Note: This could also be a place where you can setup other kernel cmdline arguments like isolcpus etc. (based on CRM inputs)

iv)	Reboot the Compute host.



B)	After the Host OS reboots one can setup huge pages on each NUMA node…( Note:  This is the step which needs to be repeated each time the Compute Host reboots…based on what was previously set up by HOS-HLM (via CRM inputs)).

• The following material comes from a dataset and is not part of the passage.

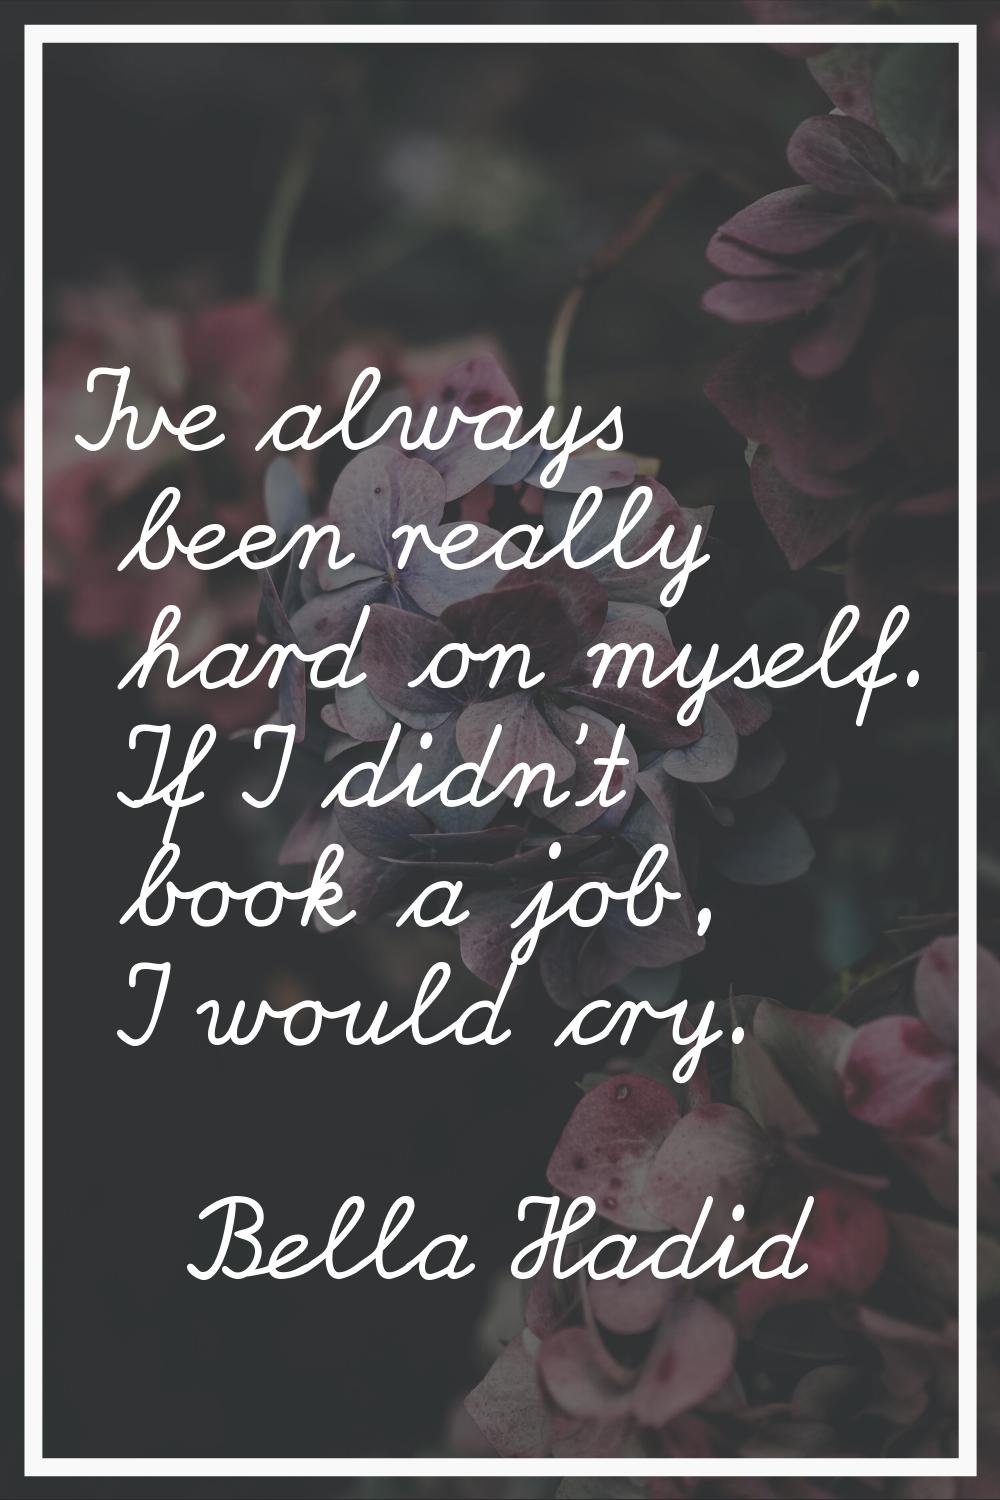 I've always been really hard on myself. If I didn't book a job, I would cry.

(In this example: setting up 100 2MB pages on numa node 0 and 125 2MB pages on numa node 1 and 8 1G huge pages on numa node 0 and 16 1G huge pages on numa node 1)

Using virsh :

  # virsh allocpages 2048KiB 100 --cellno 0
  # virsh allocpages 2048KiB 125 --cellno 1

  # virsh allocpages  1048576KiB 16 --cellno 0
  # virsh allocpages  1048576KiB 8   --cellno 1

If you don’t like to use virsh you can do the following :

echo 100 > /sys/devices/system/node/node0/hugepages/hugepages-2048kB/nr_hugepages
echo 125 > /sys/devices/system/node/node1/hugepages/hugepages-2048kB/nr_hugepages
echo 16 > /sys/devices/system/node/node0/hugepages/hugepages-1048576kB/nr_hugepages
echo 8 >  /sys/devices/system/node/node1/hugepages/hugepages-1048576kB/nr_hugepages

Just for verification :

# virsh freepages --all

Node 0:
4KiB: 3896664
2048KiB: 100
1048576KiB: 16

Node 1:
4KiB: 6024538
2048KiB: 125
1048576KiB: 8

--

Comment 5 Stephen Gordon 2017-02-03 23:31:25 UTC
Right, unfortunately I do not believe we will be able to achieve this in the Pike timeframe, I would like to re-evaluate for the Queens release.

Thanks,

Steve

Comment 7 Stephen Gordon 2017-08-30 15:48:59 UTC
Moving target to Rocky/RHOSP 14.

Comment 9 Ollie Walsh 2018-01-16 19:45:17 UTC
Multiple hugepage sizes can be allocated via kernel cmdline e.g default_hugepagesz=1G hugepagesz=1G hugepages=1 hugepagesz=2M hugepages=10:

# hugeadm --pool-list
      Size  Minimum  Current  Maximum  Default
   2097152       10       10       10         
1073741824        1        1        1        *

However AFAIK it's not possible to control the numa placement of these hugepages.

Comment 10 Ollie Walsh 2018-03-14 15:05:25 UTC
Updated bugzilla summary as both 2M and 1G hugepages can already be allocated at boot time. Numa affinity cannot be controlled via kernel boot cmdline however.

Comment 12 Stephen Finucane 2019-10-01 16:36:59 UTC
I think it's about time this was closed. While this is definitely a useful feature, I think it's something that we really ought to have support for in the kernel and sysctl to do and just consume that. Given this isn't the case and probably won't be for some time, I think it's time to close this out.